5 – Treatment and Fee Planning

Chapter 5

TREATMENT AND FEE PLANNING

Treatment planning is one of the most important and possibly most neglected areas in the management of patients with failed, extensive restorations.

The advantages of setting time aside for planning for treatment and calculating fees are as follows:

  • The dentist becomes realistic as to how much time is required to plan such complex treatment.
  • The dentist is made to realise that somebody has to pay for this time;
  • The dentist may decide to bear this cost himself, but it is costing somebody.
  • Proper thought can be given to the sequence of treatment.
  • Sufficient time can be allocated for each appointment.
  • Intervals between appointments can be calculated.
  • Since treatment follows a planned sequence, the appointment book can be carefully programmed and the practice run in a controlled and predictable manner.
  • Everybody understand the time commitment necessary for treatment.
  • It is possible to accurately estimate fees (the system of multiplying the expected laboratory fee by three is irrational and erratic in effect).

Careful treatment planning is absolutely essential in the management of these patients. If the reader is unwilling to accept this discipline or is unrealistic about the time required for treatment planning, the primary value of this text is lost.

System

Two cards are used, 25.5 cm x 20.5 cm (Greenbrook Dental Supplies Ltd). The treatment planning card is blue, the fee calculation card pink (Figs 5-1a+b).

fig5-1a.jpg

Fig. 5-1a Treatment planning card. A new card is filled in for every stage of treatment. See pages 121–126 for more details.

fig5-1b.jpg

Fig. 5-1b Estimate/Fee calculation card. Each stage of treatment which may consist of several treatment planning cards, is entered. The fee per time unit is entered and the number of hours entered beneath it. The total fee is calculated for each column and the total calculated. The estimate to the patient is then entered. For further details see pages 126–128.

Treatment Planning Card

Each of the headings on the treatment planning card will be considered individually:

Objective (top left hand corner)

When planning treatment, the first aim is to determine the objectives for each stage. The details can be filled in later, but it is important to map out the overall direction of treatment. A new card is used for each set of primary objectives. For example, the objective at the initial appointment may be: examination, consultation, treatment planning, correspondence. The objective of the next stage may be: remove bridge 13–23, place provisional bridge plus six hygienist appointments. The next stage may be: re-evaluate, adjust occlusion. The next stage: definitive bridgework, 13–23.

Name (patient’s name)

Date (date of treatment planning)

TP Number (each card for the patient is numbered)

One, and only one stage of treatment is entered on a card. Additional cards for the same stage are used as required.
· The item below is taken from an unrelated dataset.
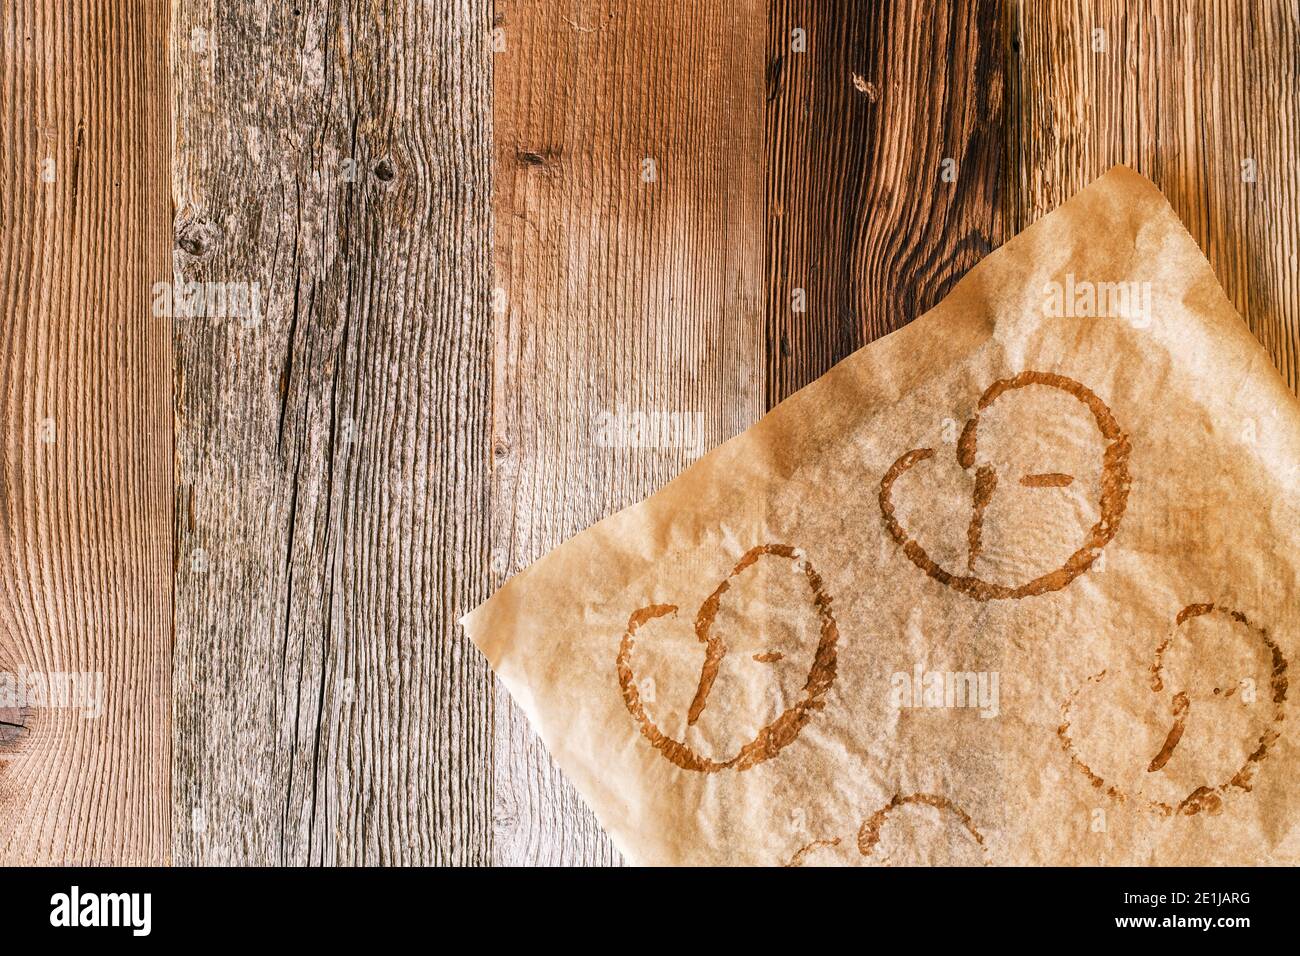 Used baking paper with imprints of baked pretzels on a rustic wooden background. Pretzels are typical German food in Bavaria and at the Oktoberfest. Stock Photo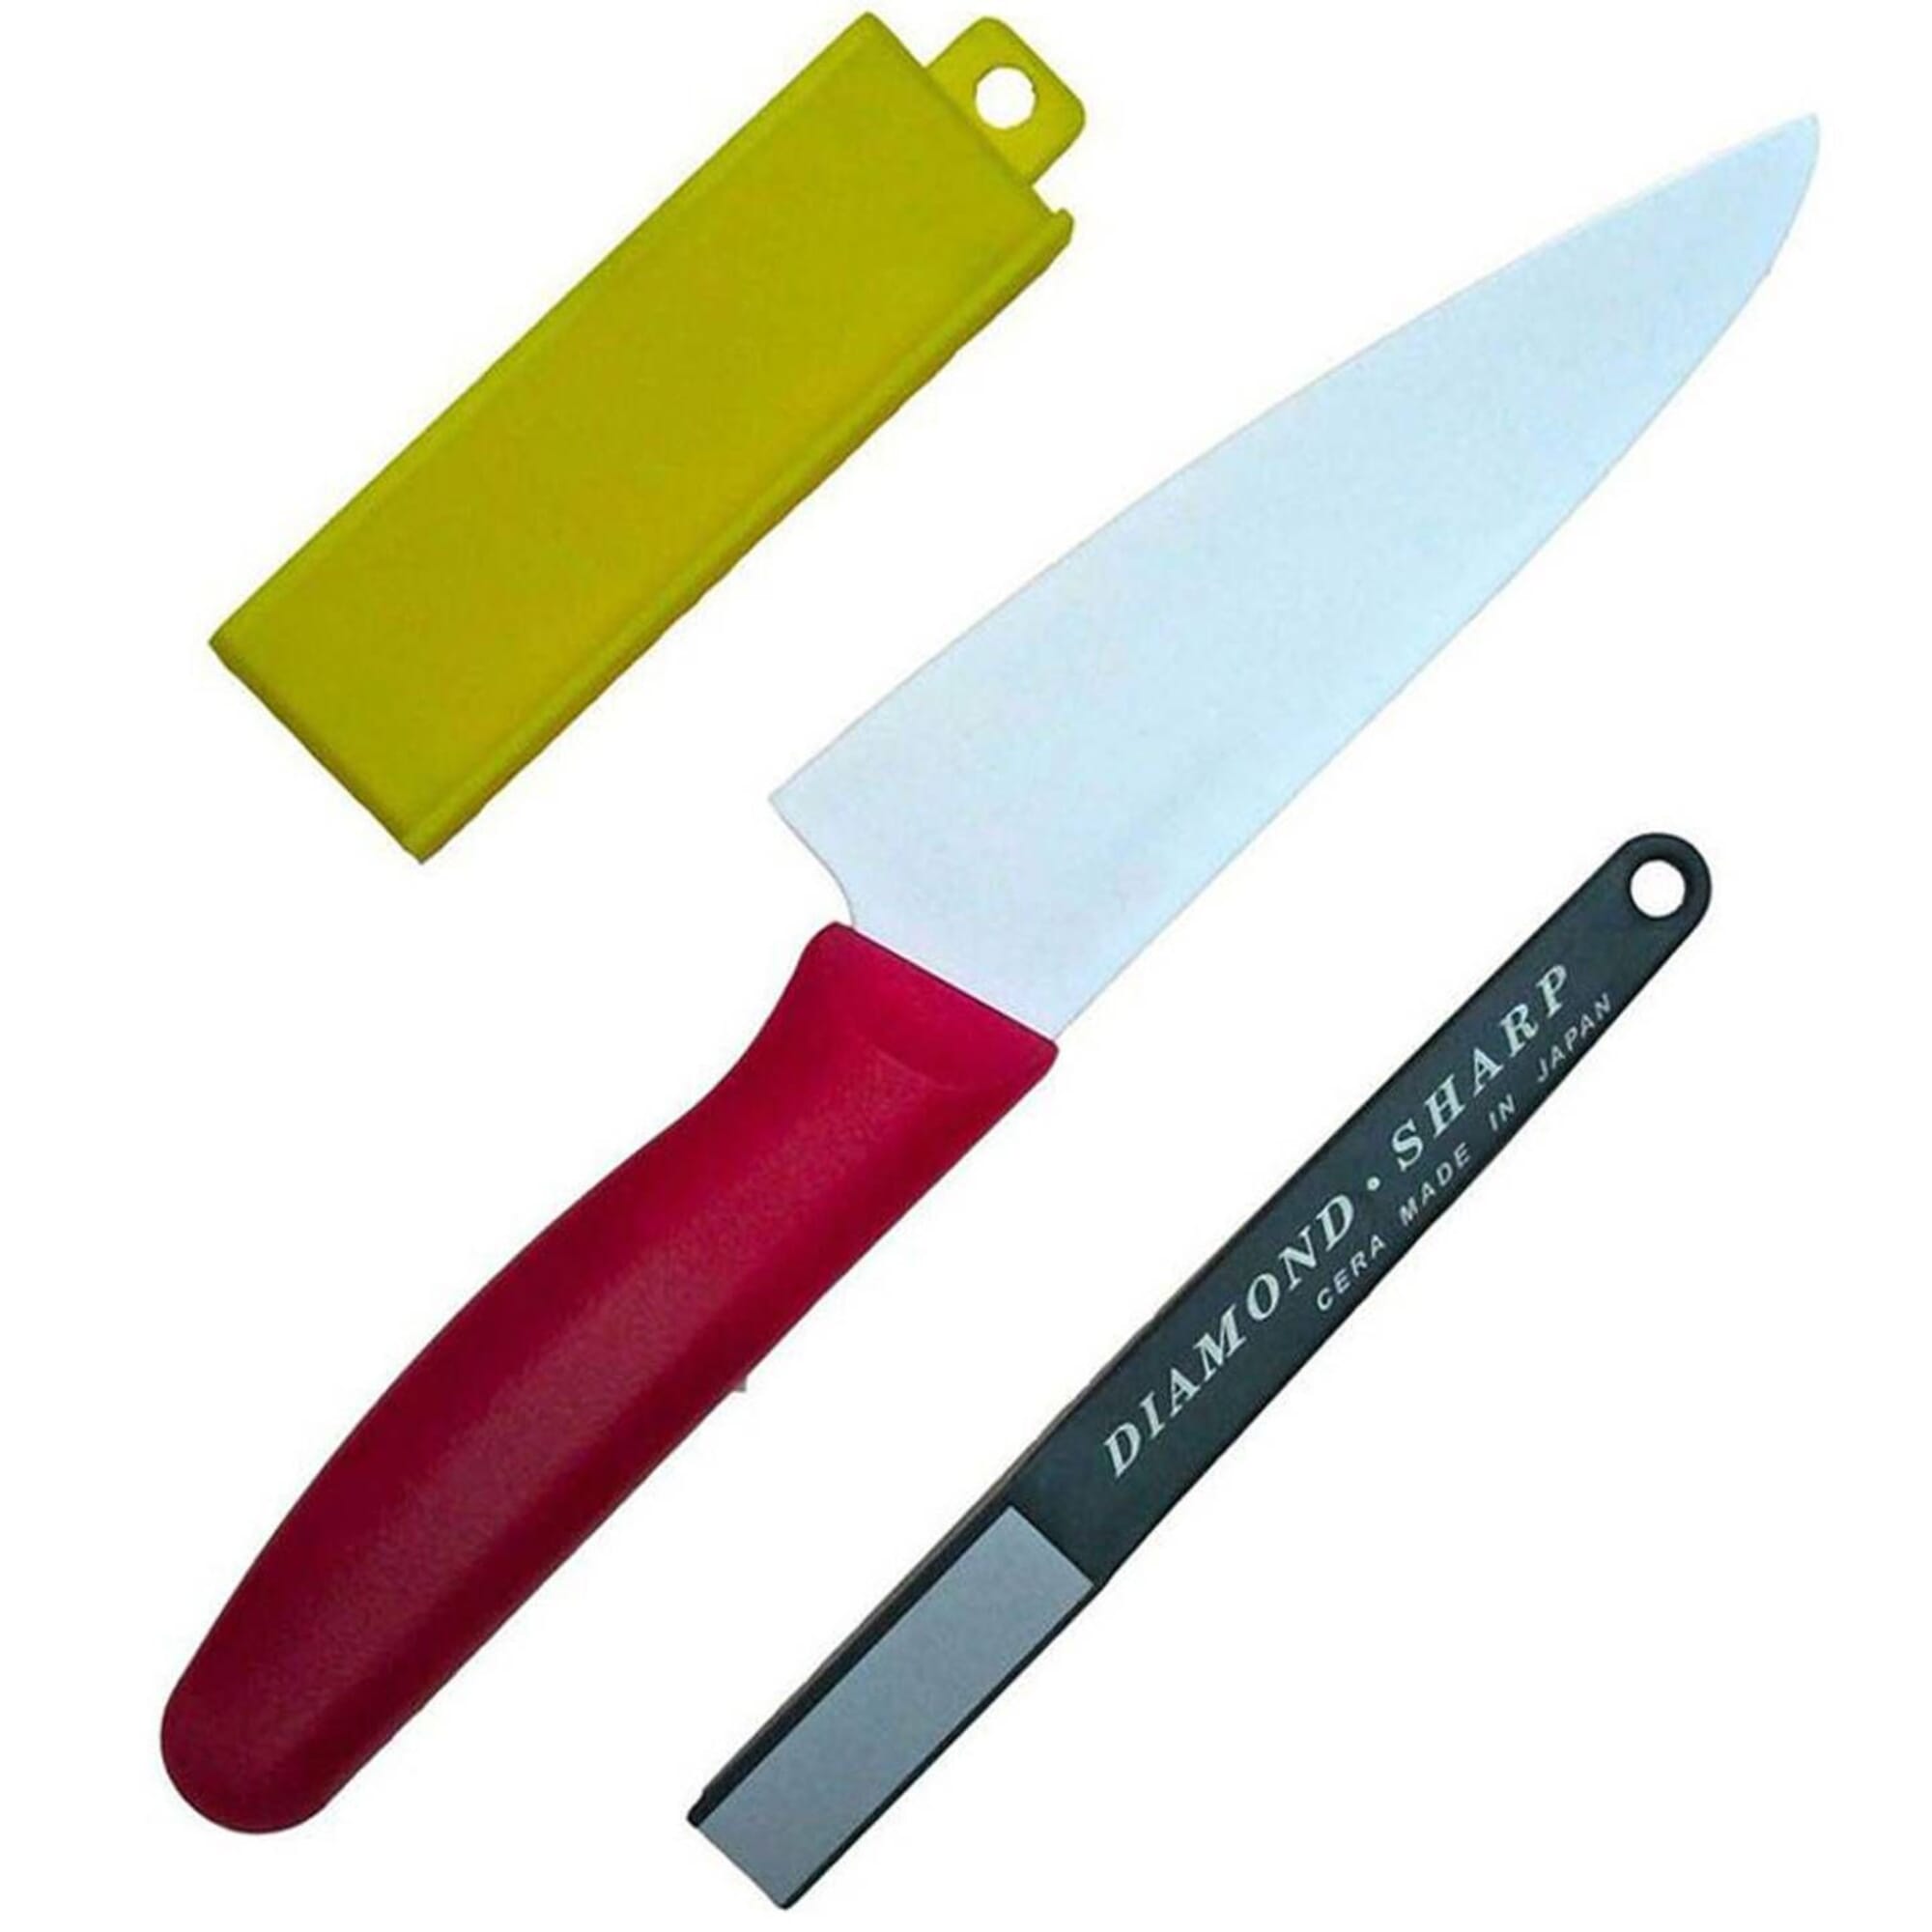 Diamond Painting Tool Knife Hand-Cut Canvas Cutter Carving Knife for Paper

Preferred Times (times/days preferred by patient for appointments)

Treatment

Once the objectives have been decided upon, each stage is planned appointment by appointment. The appointments are listed and for each appointment, all appropriate procedures are listed. A question often asked is “How do you know what you will find?”, or “How long should the next appointment be?”. The answer is, if you don’t know what you will find, sufficient time must be allowed for the worst possible finding, so that the patient leaves the surgery in a stable state. If less time is actually taken, then so be it. However, when insufficient time is allowed, problems may arise not only for the patient under treatment, but also for the dentist who is likely to be stressed, and, in consequence, for subsequent patients.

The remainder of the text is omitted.